29 March 2020

HURRY UP AND QUEUE UP

Like many New Yorkers, I have been hunkering down at home but yesterday I had to make my grocery trips.  I heard about the need to queue up outside the store, to keep the inside of the less crowded to maintain proper distance among the shoppers.  I finally experienced it and it was not so bad.  First it was the Chinese supermarket on my block.  It was rainy but there was an overhang outside the building to keep the people on the queue not as wet.  It was a good thing that the store had an employee at the sole entrance/exit to maintain order.  Some shopper, intentional or not, just blissfully walked into the store.  The people at the front of the store should be closer to the entrance but I guess there was no overhang there so they were some 20 feet away instead.  I recall when we lived under the Communist regime of Viet Nam, standing in queue was a new reality too.  Lots of things were rationed, we had to stand in queue to buy rice, sugar, etc.  As a teenager, I made a little money by getting in the queue to buy stuff for some of the neighbors in the apartment complex.  The queues then was a lot worse than what I experienced yesterday.  It didn't wrap around the block, even with people maintaining six-feet distance.

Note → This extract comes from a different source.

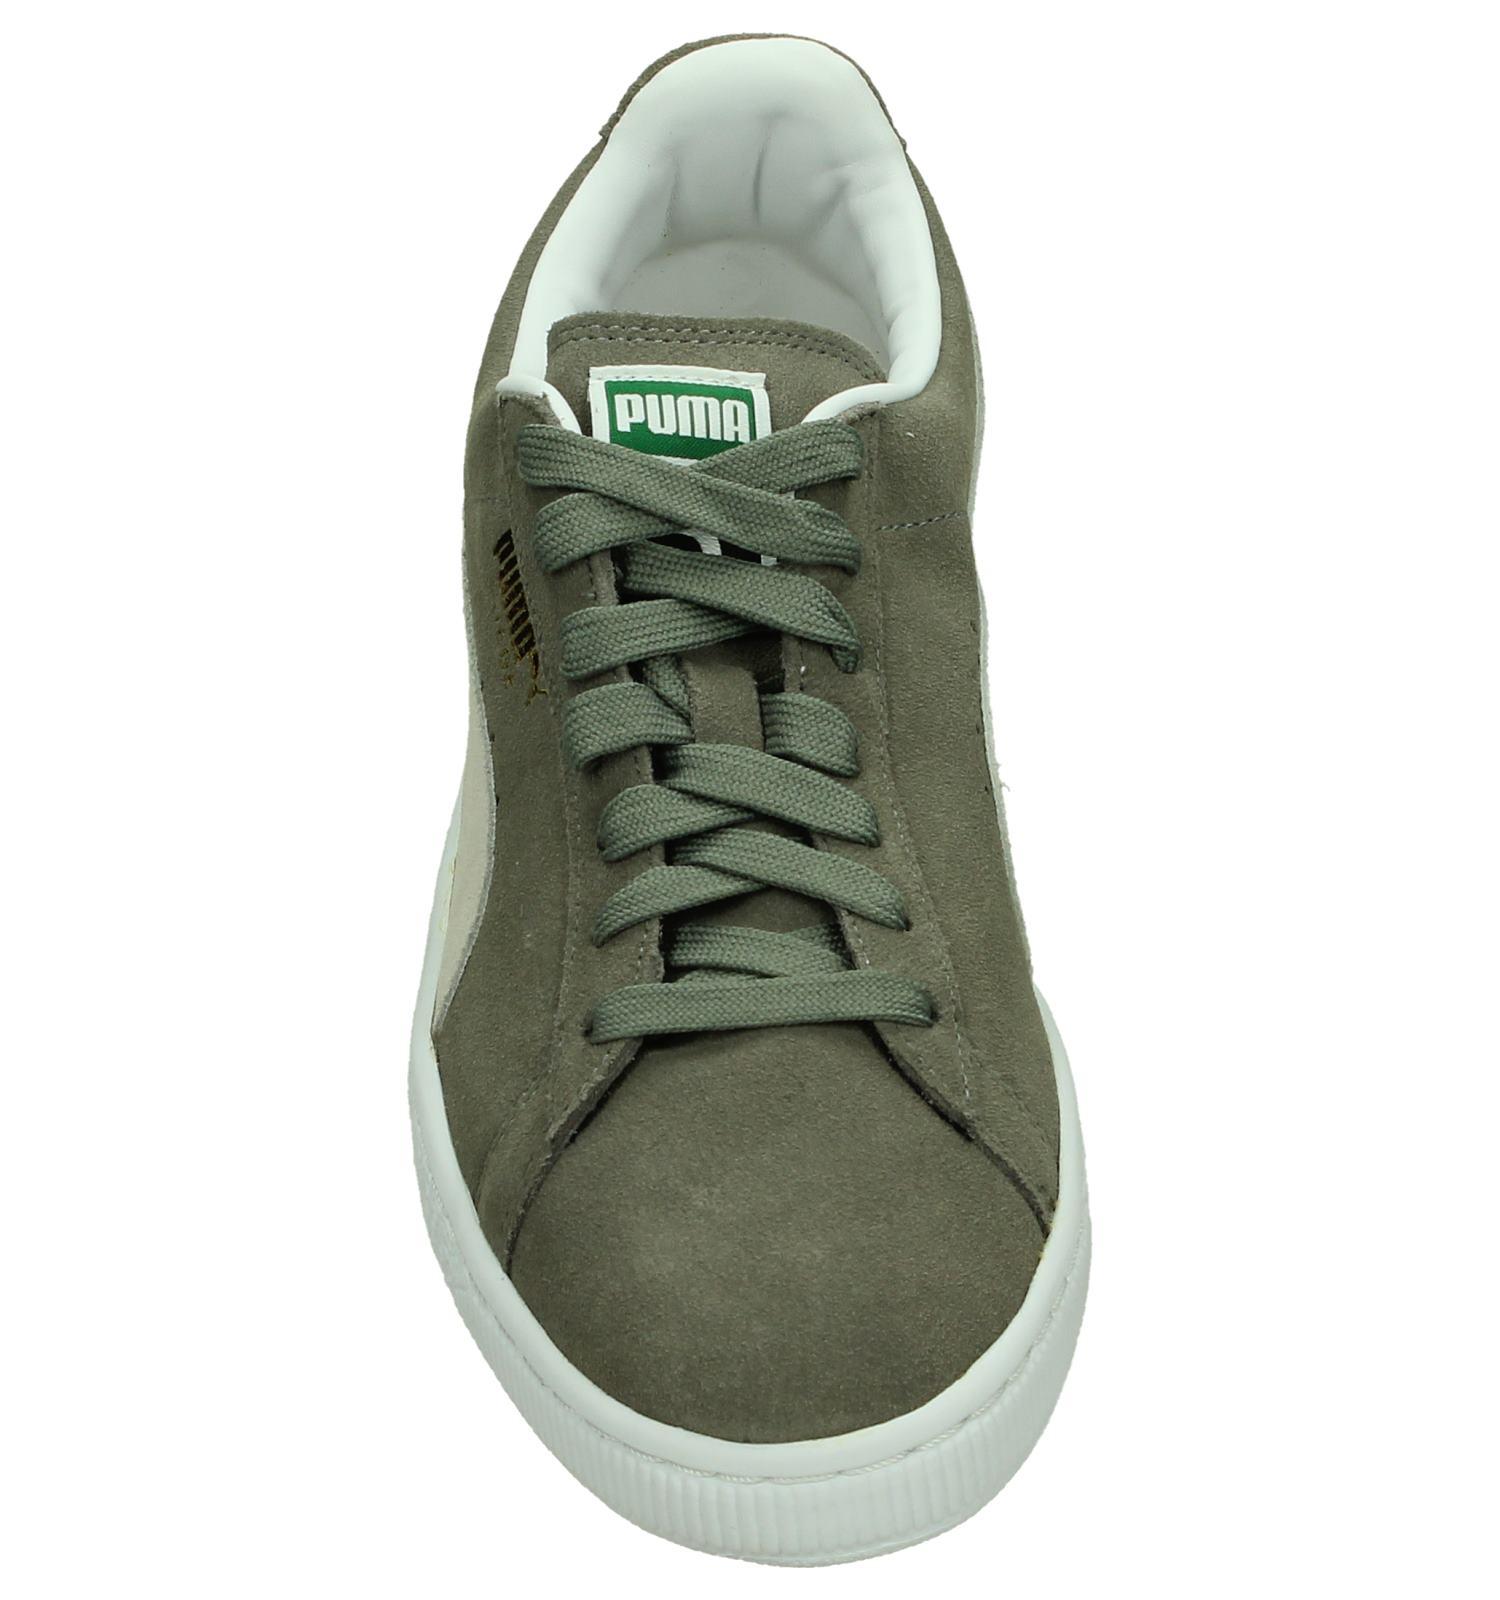 45b869034c3 Grijze Sneakers Puma Suede Classic | TORFS.BE | Gratis verzend en retour

The queue at the Walgreen across the street from the Chinese supermarket was also short.  Maybe it had to do with the rain.  I don't mind rain at all and have this crazy idea that disease doesn't get distributed as easily when it's raining.  Not just because droplets don't stay in the air as long but many people don't like rain and rather stay indoor.  While I was standing in queue, some guy drove into the parking lot then asked if that was the line to get inside.  He then got upset and drove away.  You would think everyone knows this new reality by now but obviously some don't.

Even though the waiting, at both stores, didn't seem too long, it does add up.  When you need to make a grocery trip, allocate extra time for the queue.  It didn't happen at Walgreen but at Sun-Hing the line to pay was long, or at least longer than usual.